Some of you like to research the old acoustic-era artists, searching for authoritative answers to their dates of birth and death or greater details on their lives than has been known heretofore. Maybe you have had the experience of digging in on an artist in newspapers, genealogy records, and other online archival databases, only to come up completely empty after hours and hours of fruitless, exasperating effort. Then, after a few weeks, a few months (years even), you decide—silly you—to try again, against your best inclinations.
A couple of weeks ago, we dug in again for the umpteenth time on J. W. Myers, about whom the only general wisdom seems to be “born ca. 1864, Wales; died ca. 1919.” Well, this time, we got a bit lucky.
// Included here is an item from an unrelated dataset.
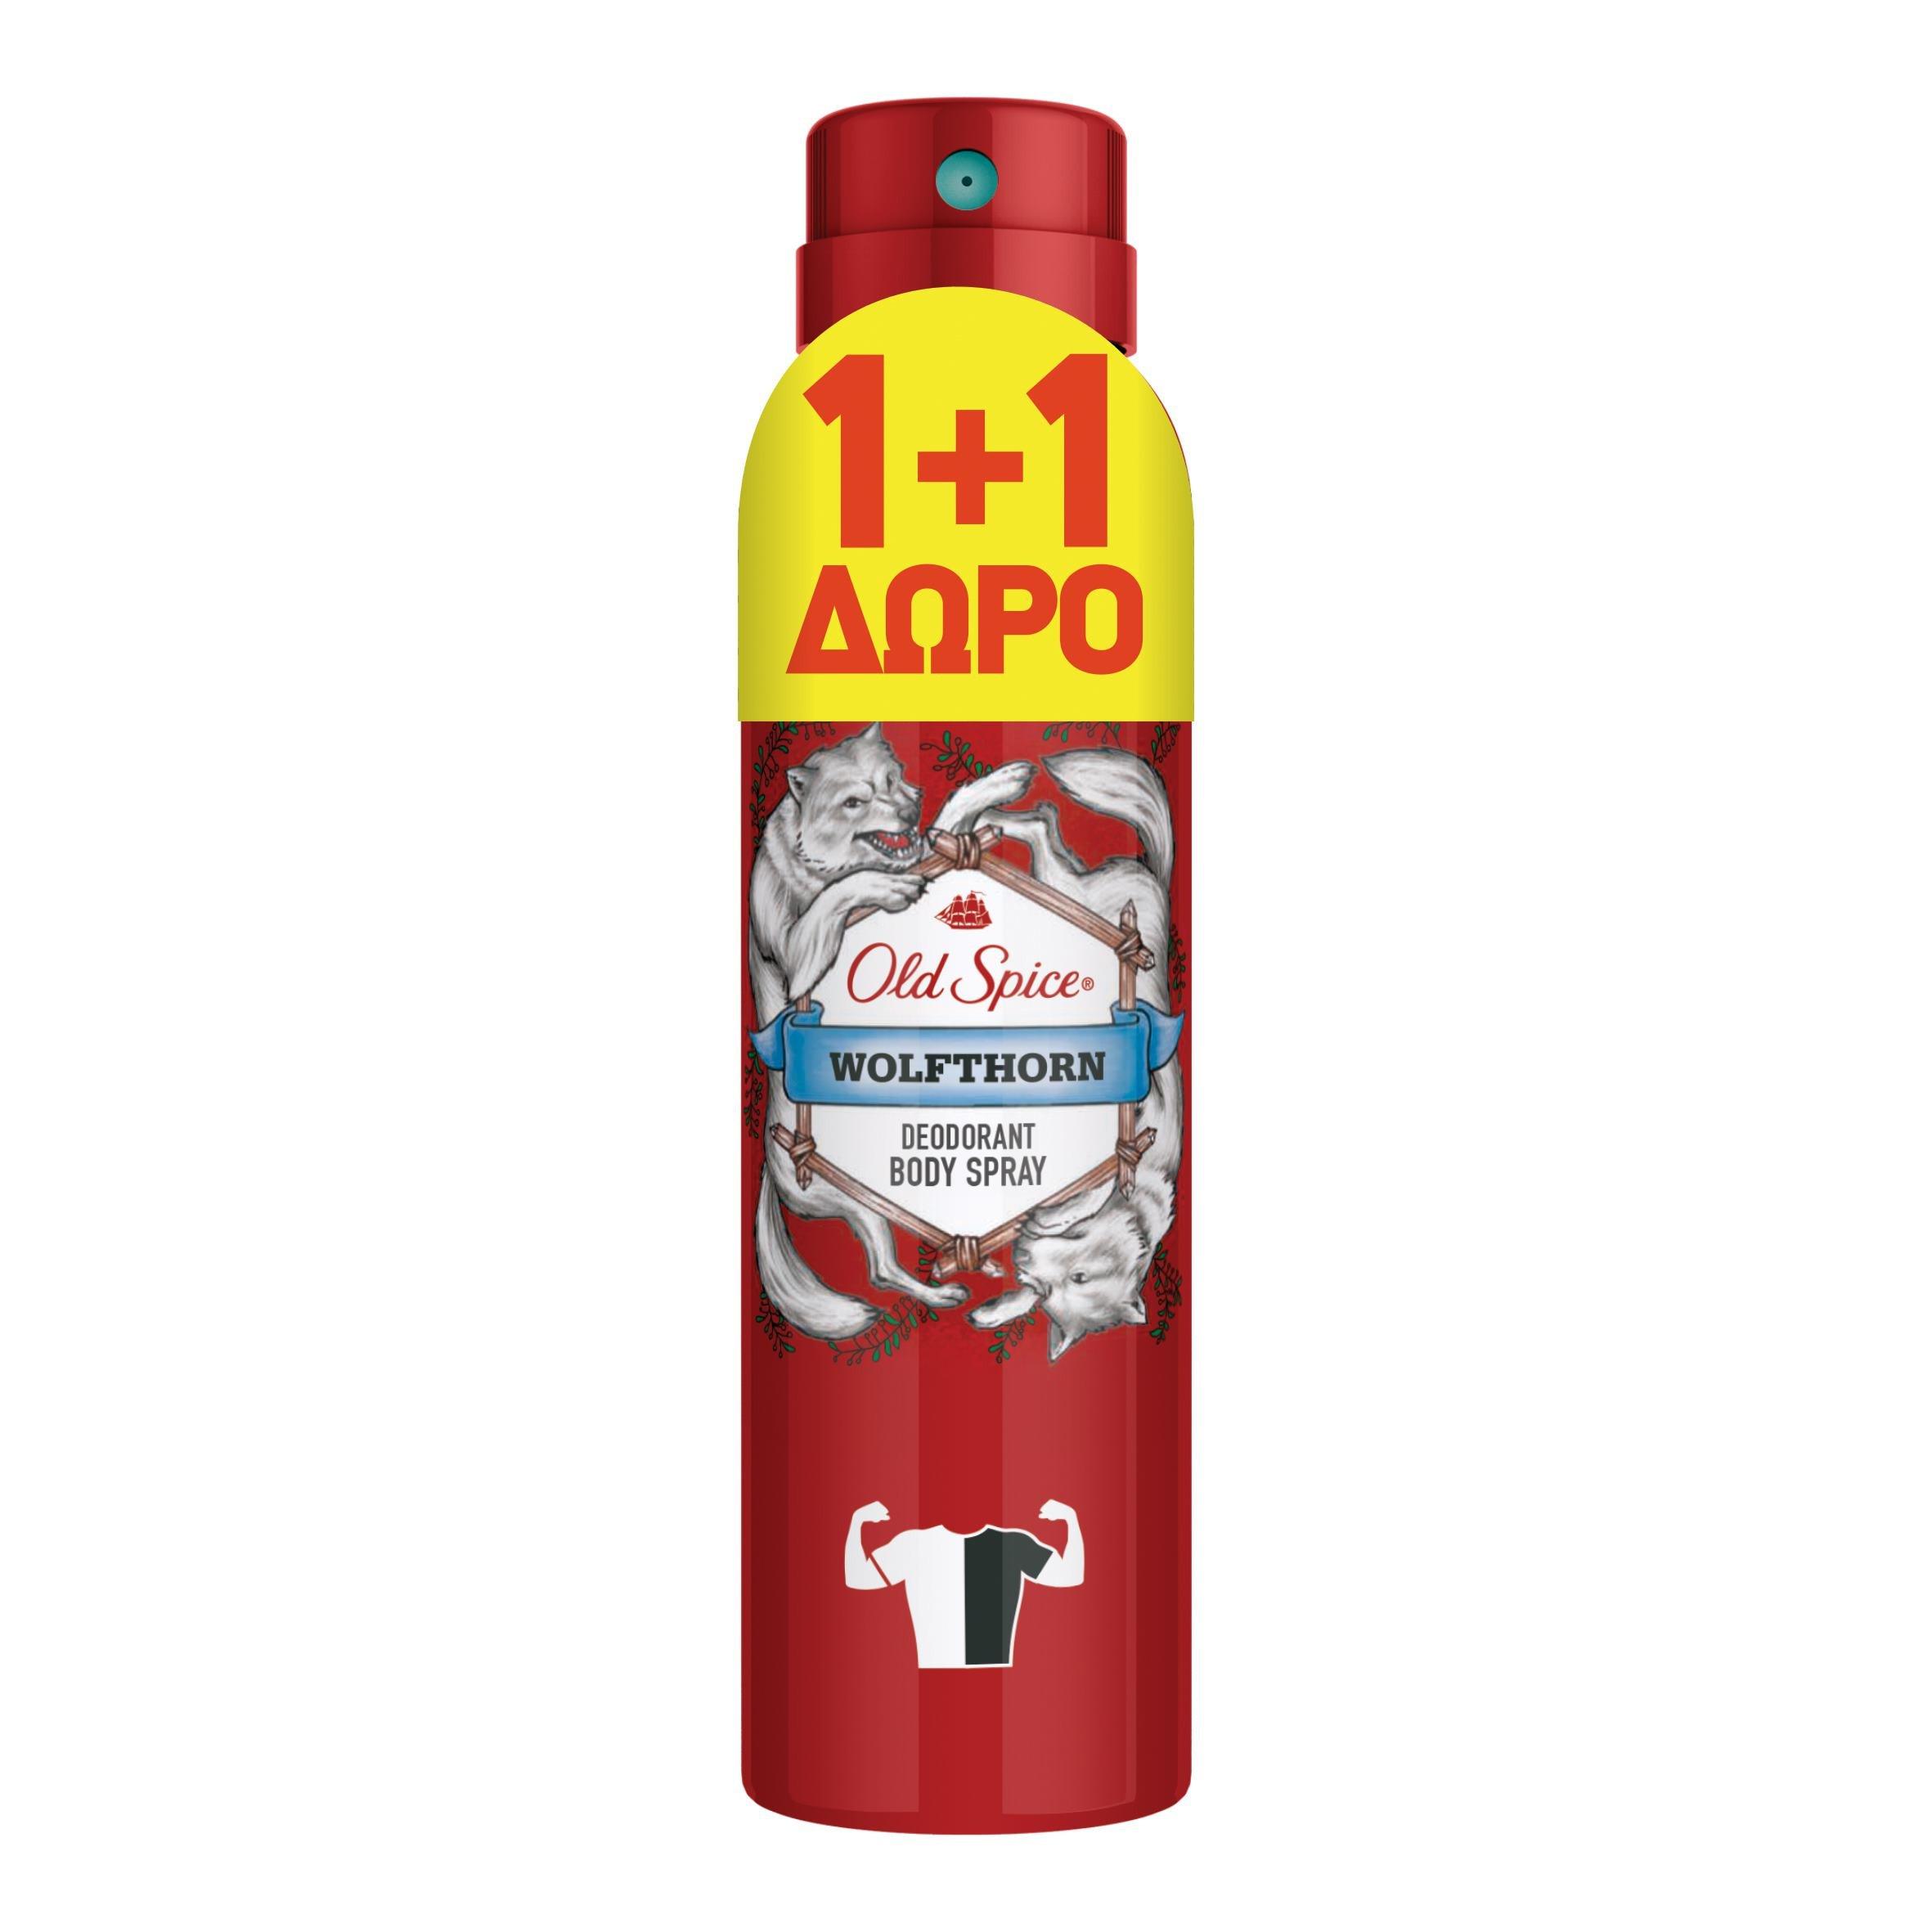 Old Spice Πακέτο Προσφοράς Wolfthorn Deodorant Body Spray Αποσμητικό με Δυναμικό Άρωμα Μόνο για Αληθινούς Άντρες 2x150ml

Seems Myers was experiencing a bit of a renaissance in 1912, as he made his way back on stages in the Northeast, and a Fall River, Mass., newspaper carried a little profile on the baritone they figured might still be remembered among some of the old-timers in the area. The long and the short: Myers was on the stage in the U.S. in the late 1870s as a mature teenager named “Johnnie Myers” (or “Johnny”); he was probably born six or so years before the assumed year of 1864; he was probably from New York, not the UK; and he had adult children on the stage (unnamed).
High-strutting with this bombshell discovery, we set about to find better information about Myers’ origins, date and place of death, and so far . . . no luck, again. So for you sleuths out there, take a look at this article from the Fall River Daily Globe and see what you can put together about the real story of John W. Myers.